• Information supplied:
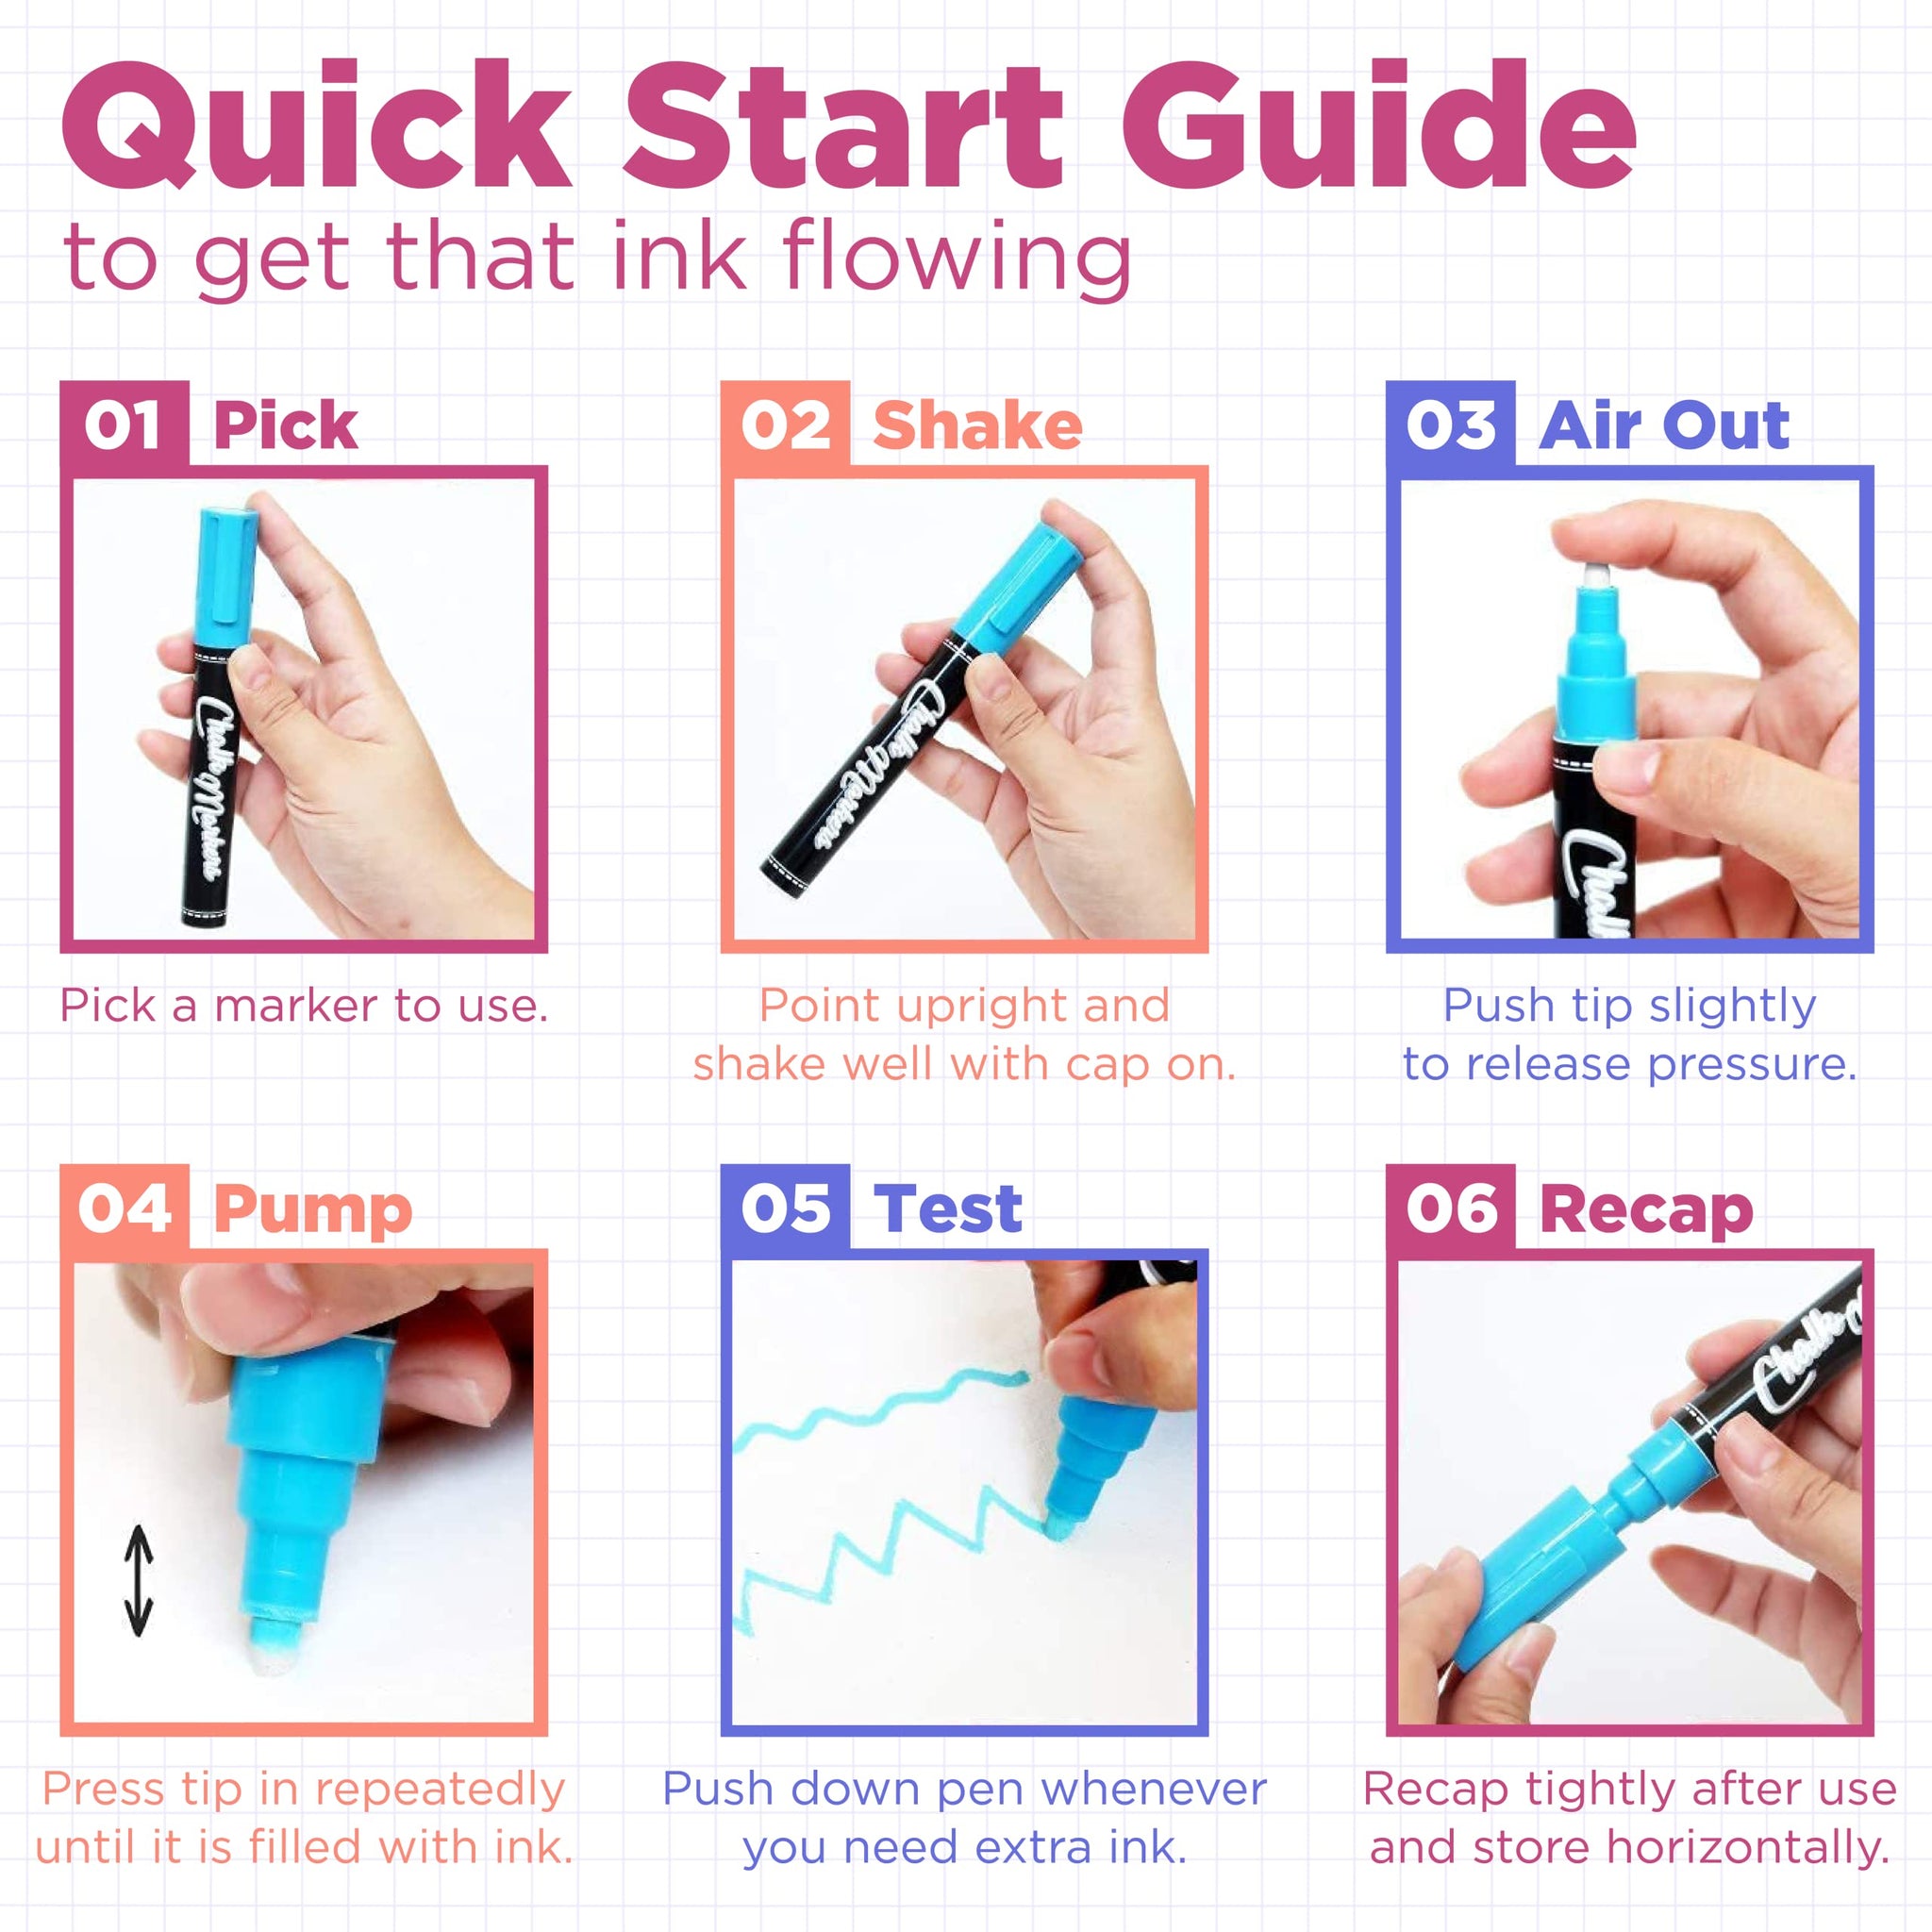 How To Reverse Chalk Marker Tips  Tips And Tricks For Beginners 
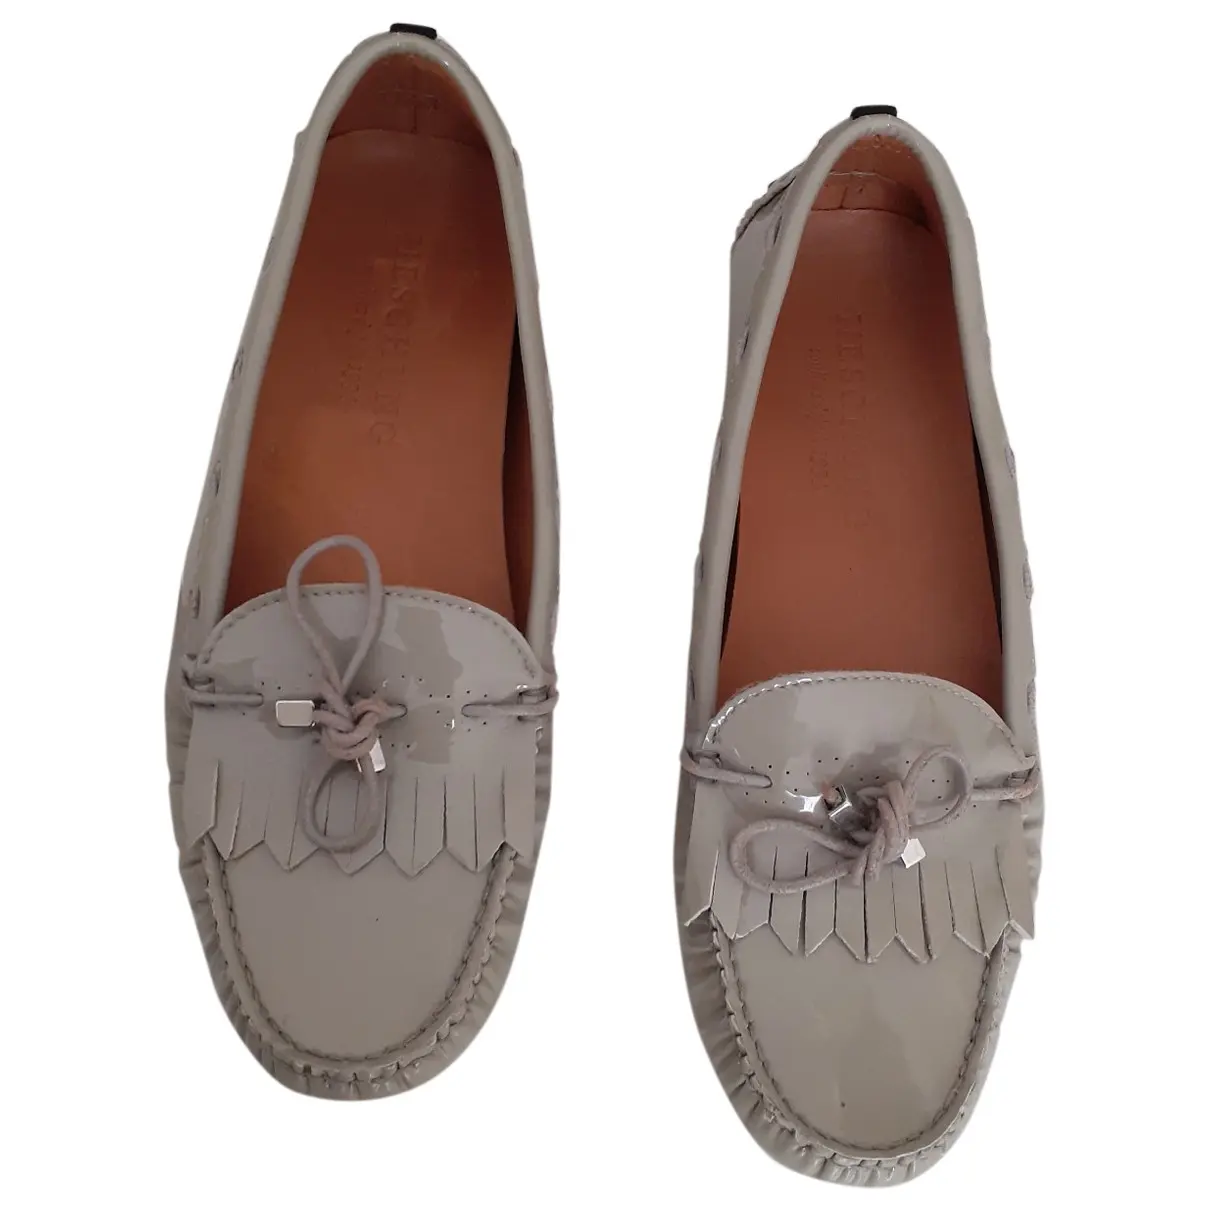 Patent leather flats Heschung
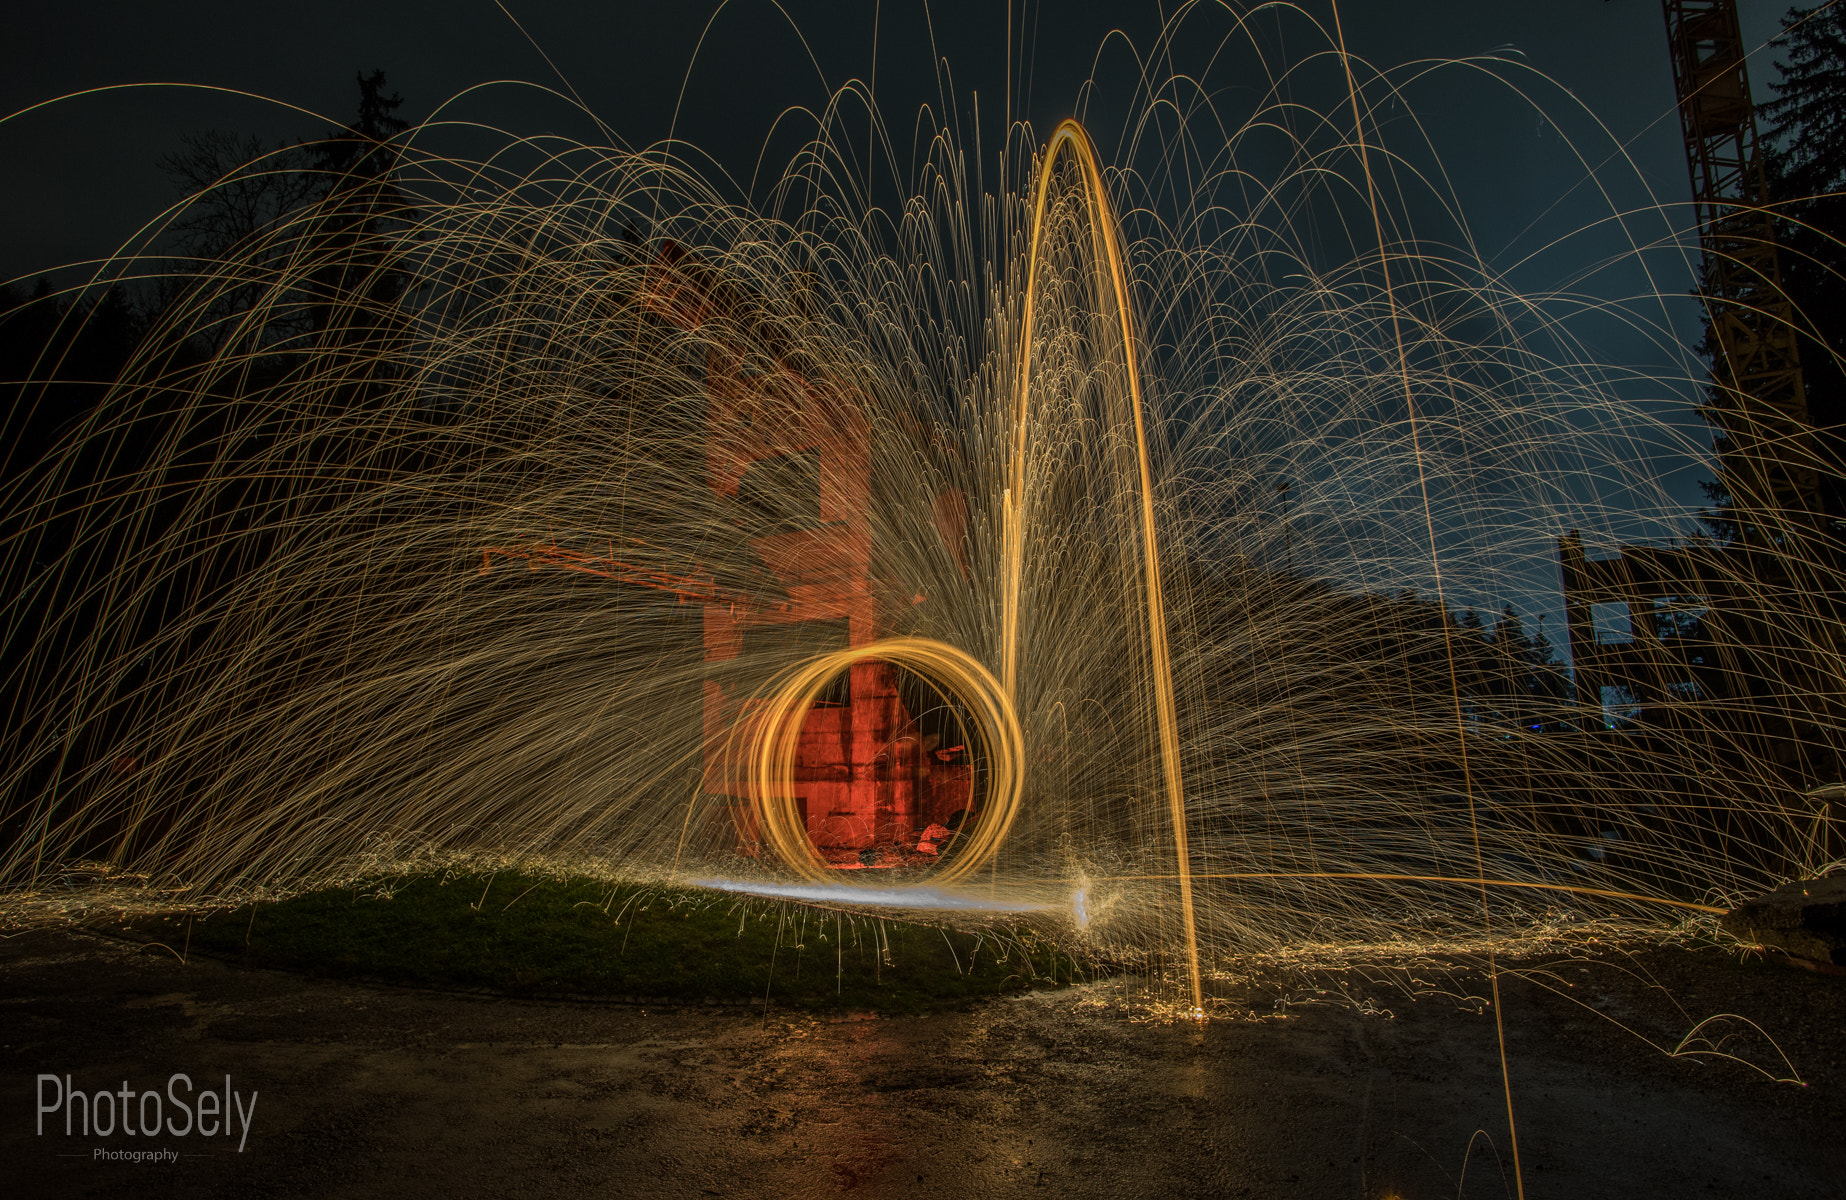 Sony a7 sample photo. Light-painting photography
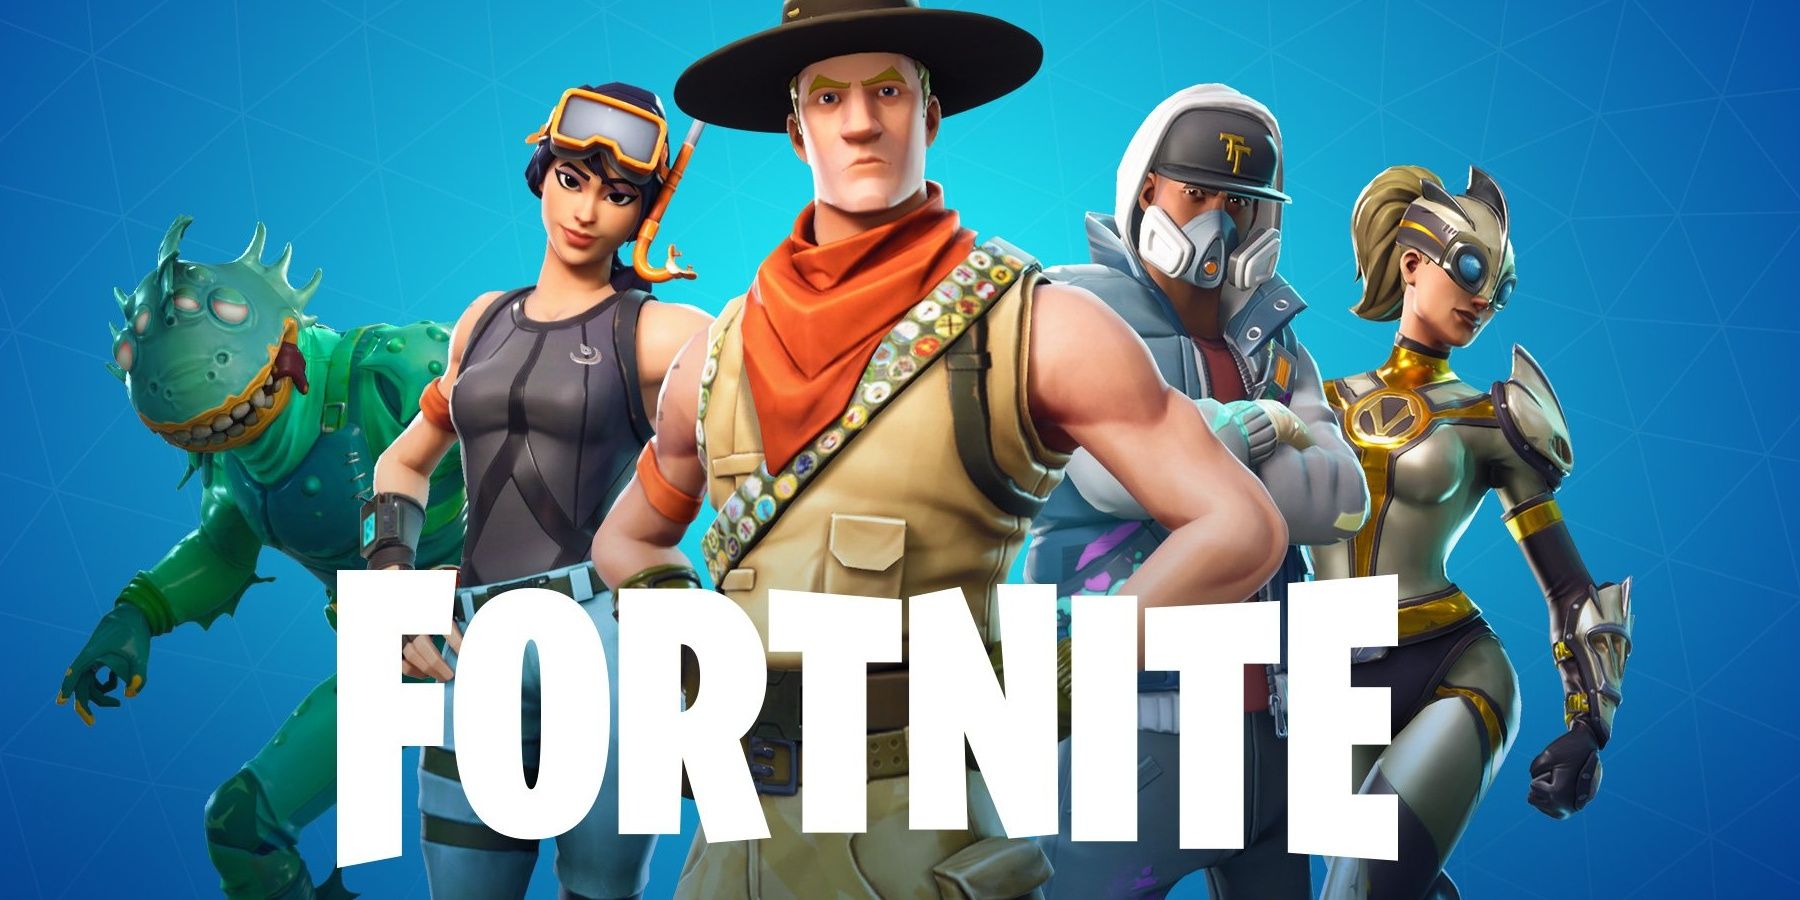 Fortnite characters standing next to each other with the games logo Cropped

• Problem description:
Leave out the pictures, and retype exactly the lines from the one containing "Patent leather flats Heschung" through the final line of the data.

• Written solution:
 Patent leather flats Heschung
 Sony a7 sample photo. Light-painting photography
 Fortnite characters standing next to each other with the games logo Cropped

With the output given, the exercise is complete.